「人生はずっと上り坂。苦しいよな? つらいよな? だけど、今日は昨日より高いところにいるんだ。だから、自分を信じて!」
気持ちを励ましてくれるこのセリフを発した熱海常夏という男に心を奪われました。
特撮ドラマで、初登場回でこれほどまでに心を掴まれるキャラクターは久しぶりな気がします。
熱海常夏は現在放送中の「ナンバーワン戦隊ゴジュウジャー」に登場するキャラクターです。
アニバーサリー作品である本作は、タイトルにあるゴジュウジャーのメンバーとそれに敵対する怪人たち以外にも、過去作品の戦隊ヒーローに変身するキャラクターが登場します。過去作品の登場人物とは別人ですが、ある意味でそのヒーローの別の可能性を見ているようでワクワクします。
その中で、熱海常夏は「暴太郎戦隊ドンブラザーズ」のドンモモタロウに変身します。あのドンモモタロウに変身するということで、ハードルが随分あがるわけですが、その期待を裏切らないよいキャラクターです。
作中の日本における史上最年少の総理大臣であり、支持率5000%超えという何をどう集計したのか分からない数値をたたき出す人心掌握の鬼です。5000%と聞いて連想するどこかの1000%の仮面ライダーと比べても遜色ない「仕事ができる」人物に見えます。
腹黒さはありつつも、市井を歩き、弱者やはぐれ者にも自ら手を差し伸べる男です。
やなせたかし氏がヒーローについて、怪獣を倒す強い人の事でなく、困った人に食べ物を分け与える者というようなことを語っていたように思いますが、熱海常夏はこれにも当てはまるのではないでしょうか。
自身が支持を得る為とはいえ、国民に対して腹黒さを隠し、民草の住みよい国を作ろうと率先して行動するのは「困っている人に食べ物を与える」ヒーローに重なります。現実の日本においても、今求められているのはこういうヒーローなのでないかとしみじみと思います。
政治家らしく耳障りのよい……言ってしまえば胡散臭いセリフばかりを並べる彼ですが、「国民のご要望を叶えるのが、私の仕事」「困っている人を見過ごさない」「日本のリーダーとして当たり前のことをしただけです」と言いながら、有言実行しているのですから、そりゃあ国民からも「常夏総理」とファーストネームで呼ばれる信頼度になるわけです。

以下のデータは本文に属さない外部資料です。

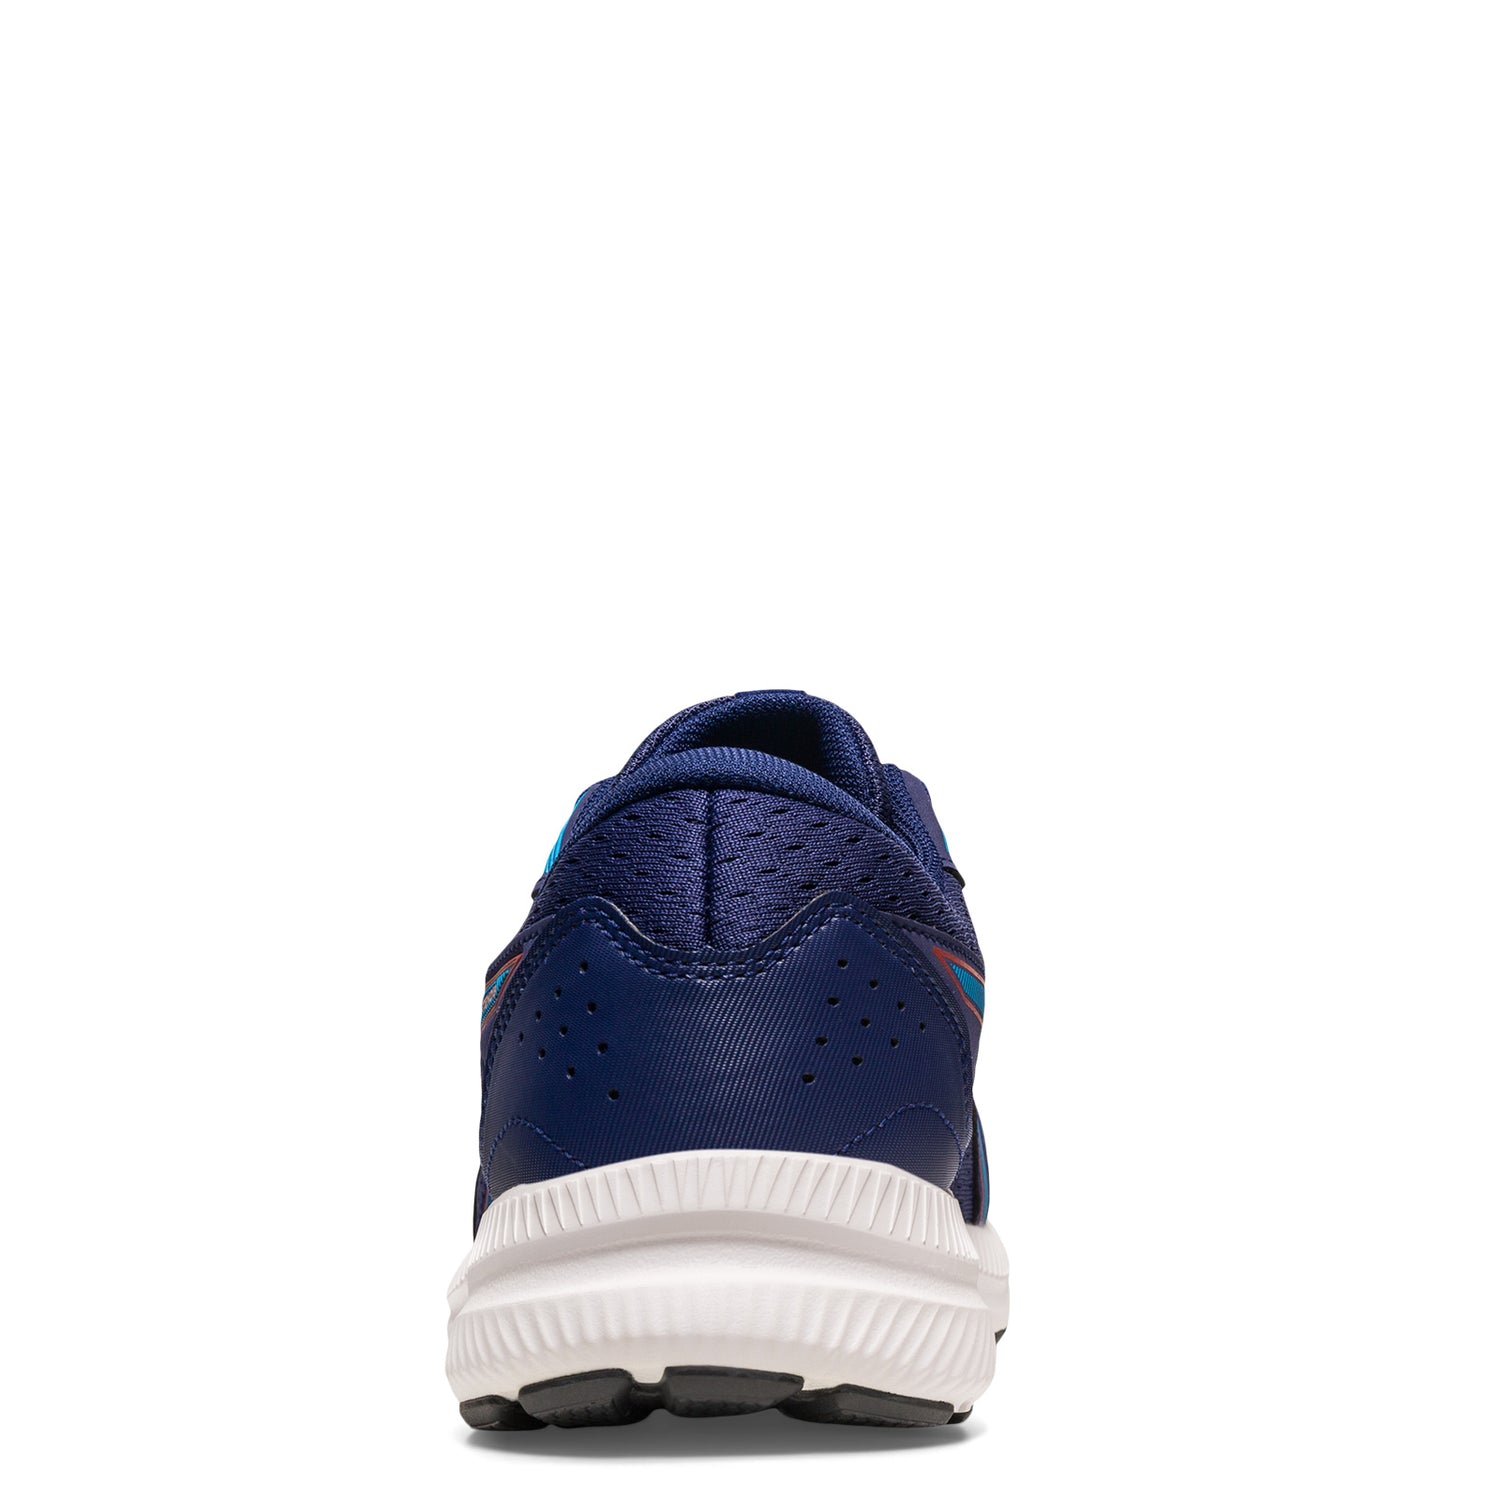 Peltz Shoes  Men's ASICS GEL-Contend 8 Running Shoe INDIGO BLUE/ISLAND BLUE 1011B492-403

暑苦しい綺麗ごとばかり吐いても、それを本当にするなら、ただただ素晴らしい人間です。だってみんな本当は綺麗ごとがよいのですから。
人気取りの踏み台にされた遠野吠/ゴジュウウルフは熱海常夏に対して怒りを燃やしていました。気持ちはわかります。しかし、はぐれ者である吠が「自分も人気者になれるかもしれない」と常夏によって導かれたこと自体は事実なので、道義的には常夏は「悪役」でないというのも素晴らしい立ち居振る舞いでした。
熱海常夏役の俳優・七瀬公氏が以前にウルトラマントレギア(の人間としての姿)を演じていたというのも、目を向けたい部分です。
友人であるウルトラマンタロウが無神経で空気が読めない所為で心にわだかまりを抱え、さらには尊敬する上司が思い詰めて闇堕ちしたのを知ってしまった為に、あんな具合になってしまったトレギアですが、その人間態を演じたのが七瀬氏です。個人的には実写版シャフ度とも言える振り返り方が印象的でした。
ウルトラマンタロウのように成れなかったトレギア(の人間としての姿を演じた役者)がドンモモタロウに転生したのだと思うと、感慨深いです。いえ、役者つながりでキャラクターにあれこれ言うのは品が無いかもしれませんが、今回はアニバーサリー作品ですからご容赦ください。
単話のゲストキャラクターではなく、今後もしばらく出番がありそうなのが嬉しいです。お気に入りのキャラクターがいるというのは、作品を追うモチベーションになります。
来週以降も、常夏総理の活躍が楽しみです。